Sociedade

TORTURA POLICIAL

"Tentava dizer que era trabalhador, eles batiam", diz gesseiro torturado pela PM

Gesseiro de Sorocaba, cidade do interior de São Paulo com maior registro de tortura policial, relata que foi torturado sem nenhum motivo ou evidência, durante 3 horas por policiais militares no início de 2016.

Jenifer Tristan

ABC Paulista

segunda-feira 4 de setembro| Edição do dia

Desde 2011 a região de Sorocaba, interior de São Paulo é a cidade com maior registro de tortura policial, são 27 denúncias de tortura calculadas pelo departamento de polícia Judiciária do interior de São Paulo. Um caso alarmante é o do Roberto Rodrigues Nunes, um gesseiro de 28 anos que em fevereiro de 2016 que, voltando pra casa de moto do trabalho, foi abordado pela polícia e torturado durante 3 horas, chegando a ficar 12 dias internado.
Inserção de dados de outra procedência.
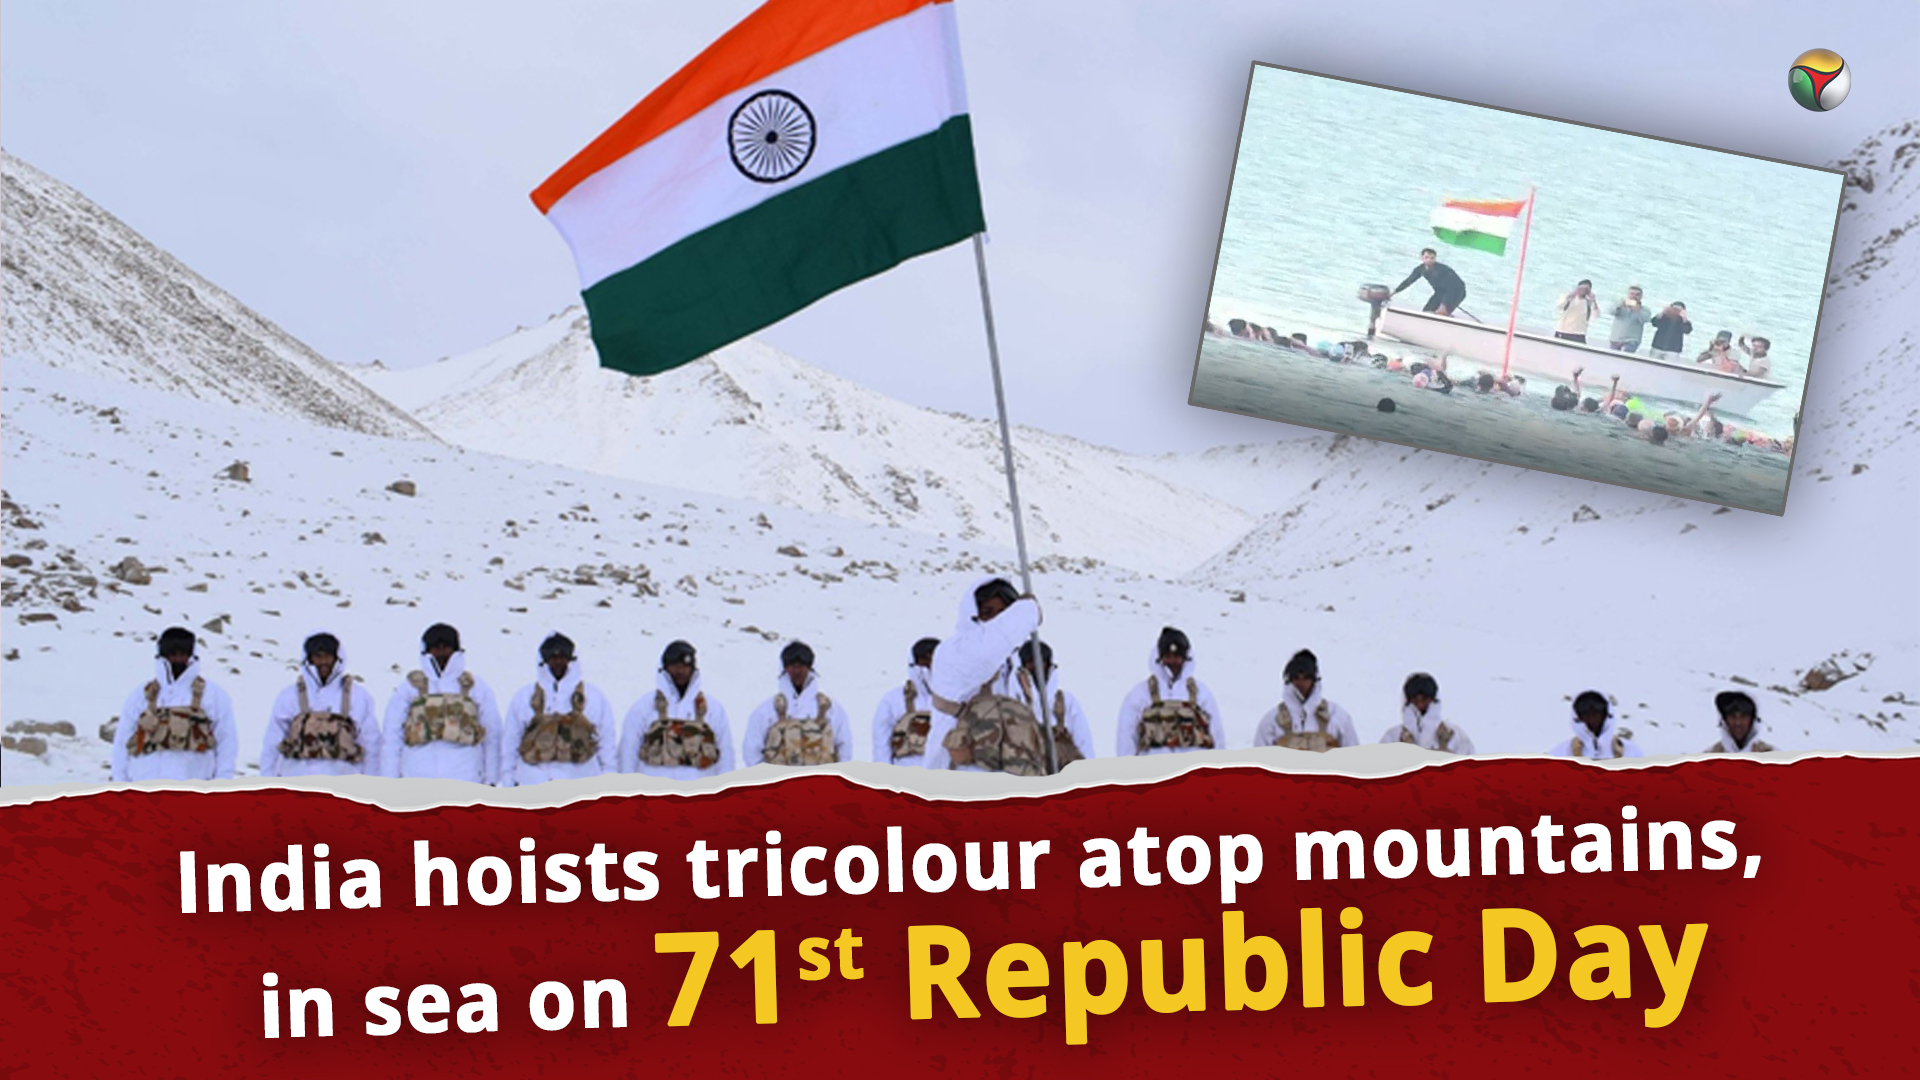 India hoists tricolour atop mountains, in sea on 71st Republic Day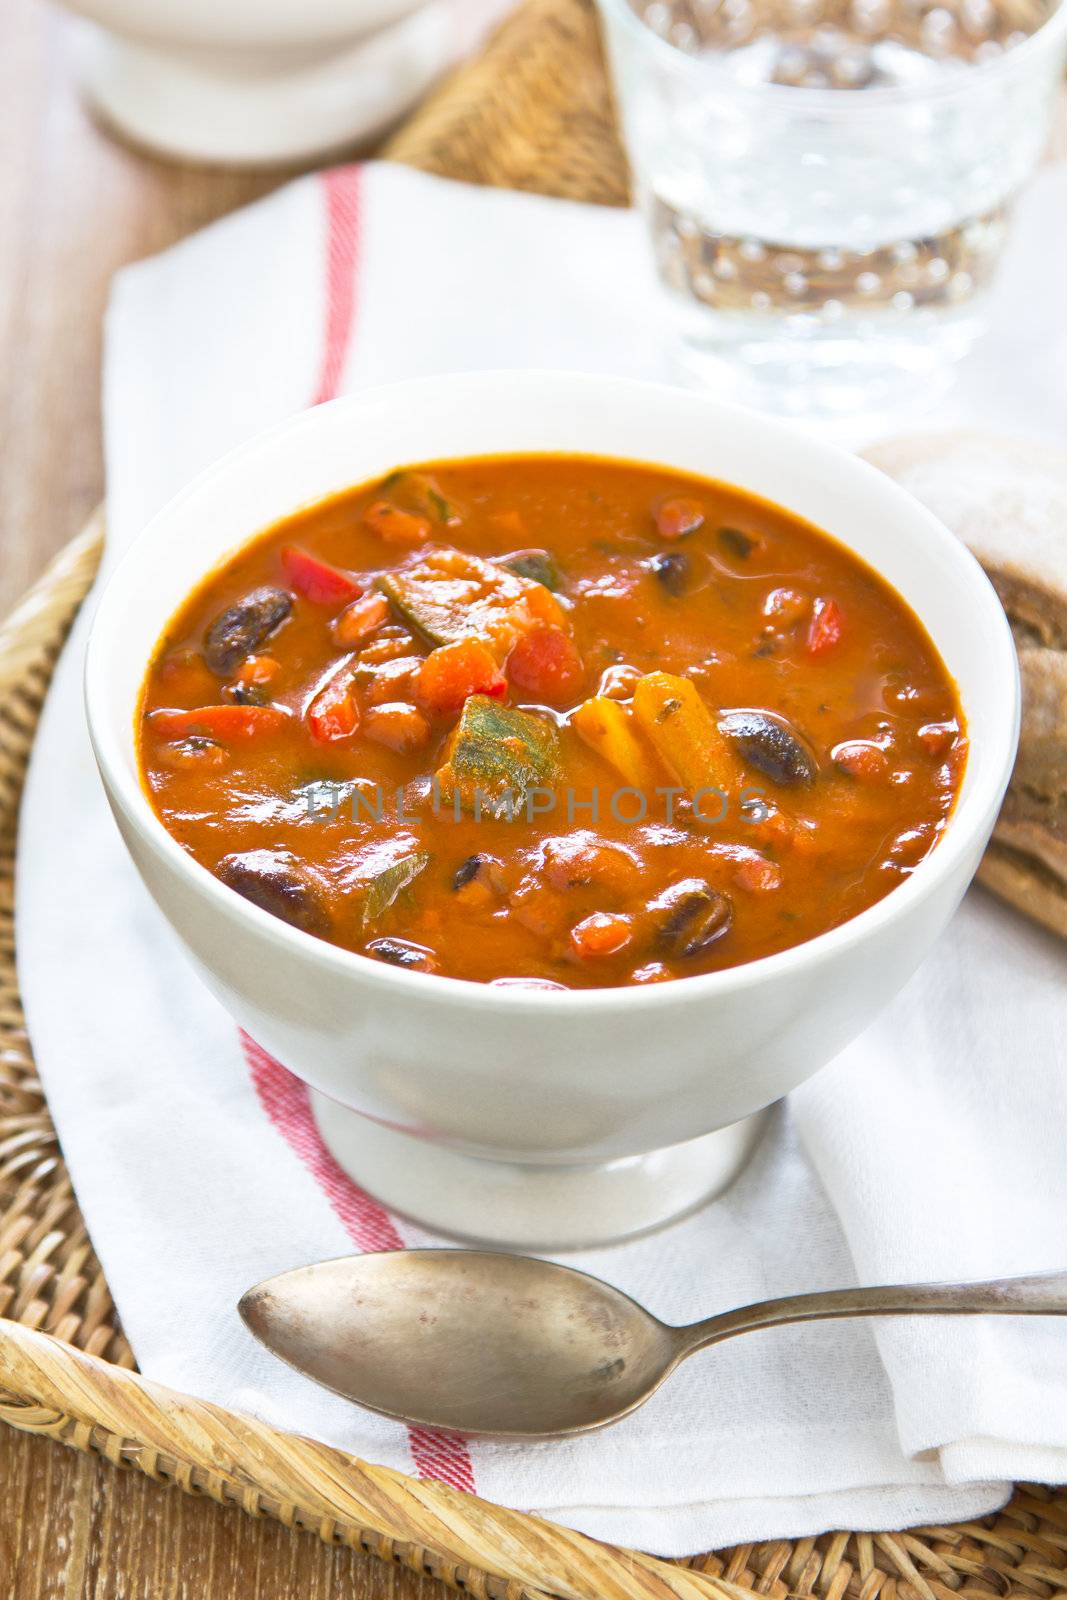 Minestrone soup [Zucchini,aubergine,bean,pepper and carrot in tomato soup ] by a loaf of bread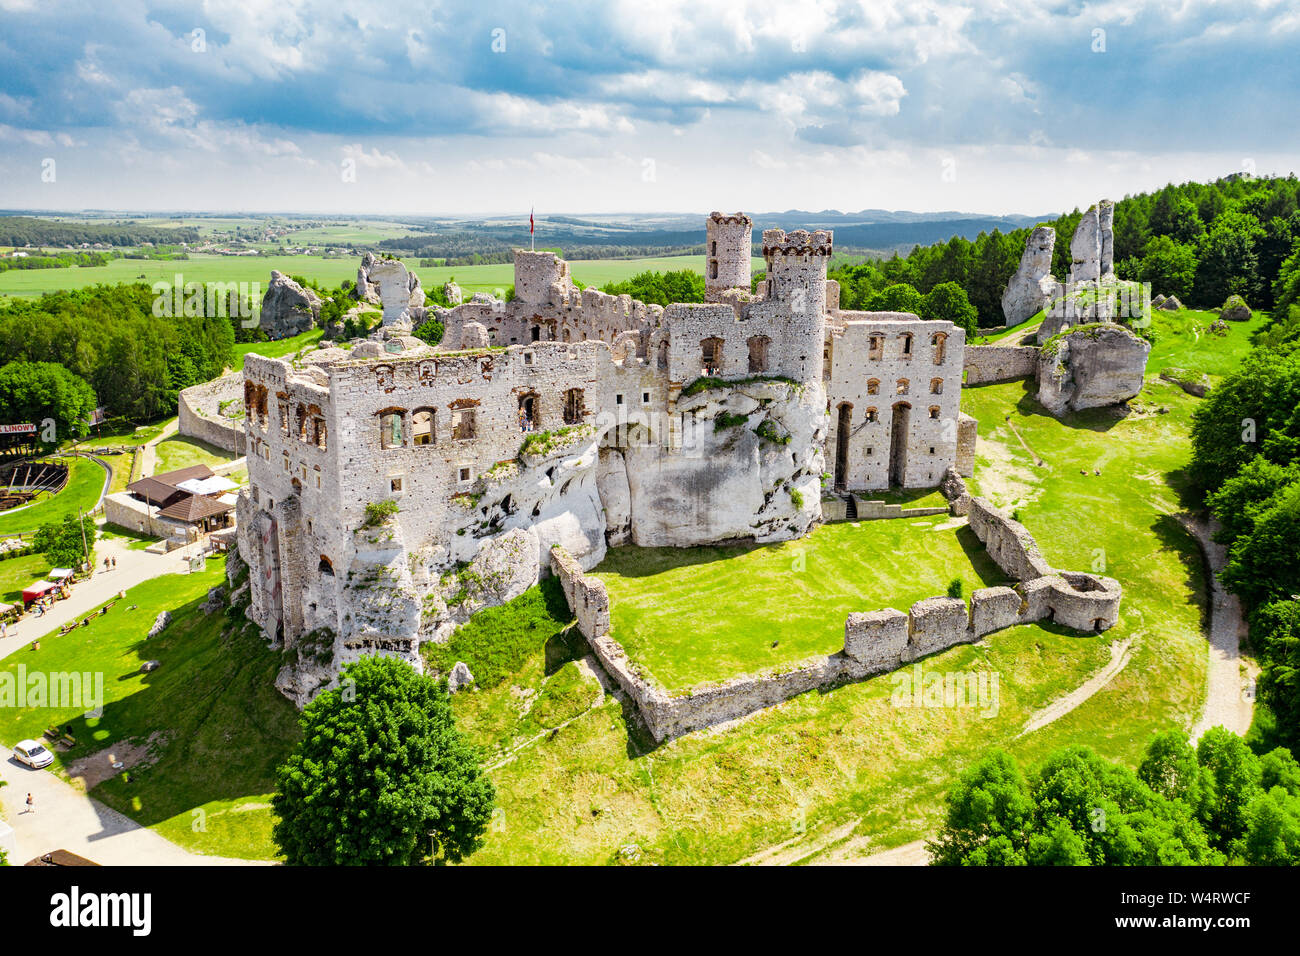 medieval castle ruins located in Ogrodzieniec, Poland Stock Photo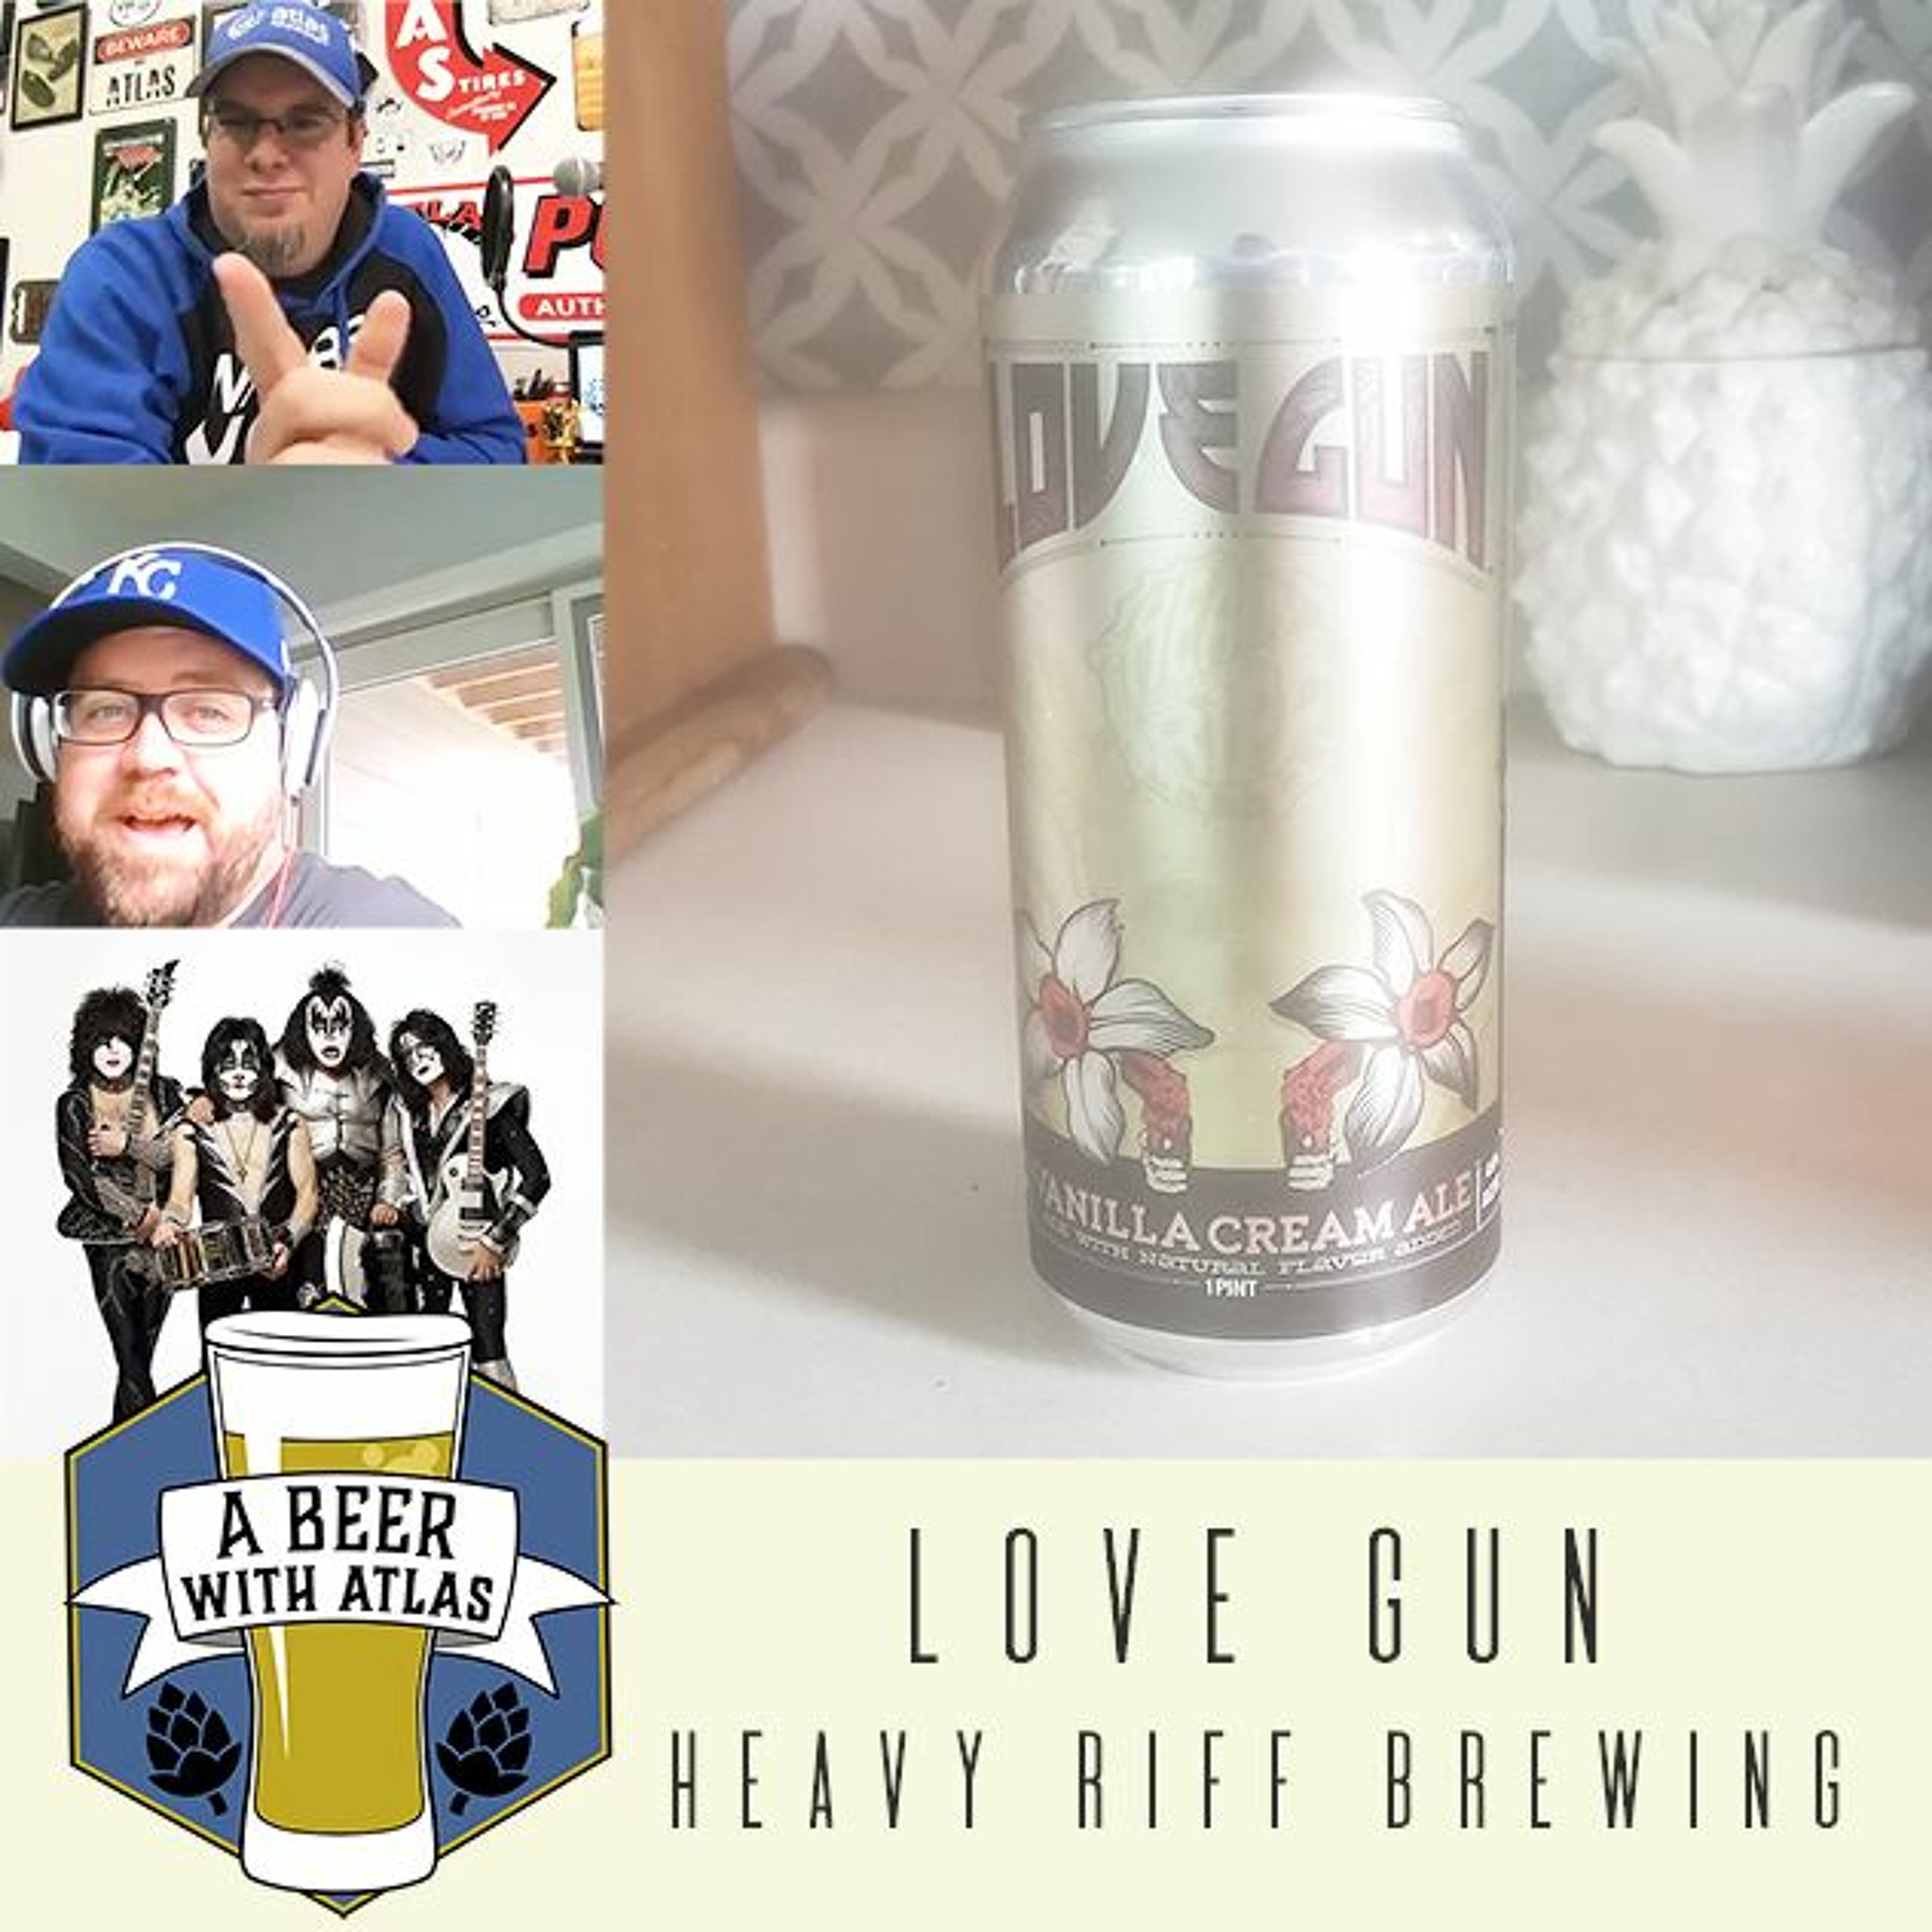 Beer With Atlas 94 - Love Gun Heavy Riff Brewing Company

"Vi um carro se aproximando com o farol alto e pensei que era assalto, pois as ruas são escuras e há muito roubo. Acelerei a moto e o veículo acelerou. Vi um braço para fora com uma arma. Corri o mais que pude e, num trecho claro, vi que era uma viatura com o girflex desligado. Parei em frente a um bar onde havia gente.", disse Roberto.

Os três PMs desceram de arma em punho, o derrubaram, o algemaram e o agrediram, sem pedir documentos. Depois, o jogaram no guarda-preso da viatura e, numa rua mais escura, continuaram o espancando. Diziam que sua moto era roubada, depois tentaram obrigá-lo a confessar que tinha arma, droga, e quebraram seu nariz com uma prancheta.

Tentava dizer que era trabalhador, que não tinha passagem, eles jogavam spray e batiam. Levei uma gravata e desmaiei. Quando acordei, tinha o maxilar quebrado, sentia gosto de sangue.

Não contentes, a tortura seguiu e os policiais puseram um capacete em sua cabeça e mandaram que corresse. Ele se agarrou à perna de um PM que segurava uma submetralhadora e tentaram colocá-lo novamente na viatura. "Pulei do carro e corri às cegas, caindo na rua. Eles me pegaram e voltaram a me bater.", quando algumas pessoas começaram a filmar as agressões com celulares. Nesse momento, um dos policiais chegou a quebrar o celular de uma das pessoas, e usar spray de pimenta e uma bomba de efeito moral para dispersar as pessoas na volta que denunciavam e filmavam a tortura, como pode ser visto no vídeo abaixo:

O gesseiro foi colocado novamente no carro e passou a sofrer tortura psicológica. Segundo Nunes, eles diziam ’Você não tem noção de quem somos, você não vale nada’. Outra viatura chegou, acionada por pessoas que haviam ligado para o 190, e se somou a sessão de tortura. O trabalhador foi torturado às 21h30 até a 1h, e ainda o obrigaram a limpar o sangue da viatura antes de deixa-lo em sua casa. Ameaçaram que o buscariam no inferno caso ele denunciasse.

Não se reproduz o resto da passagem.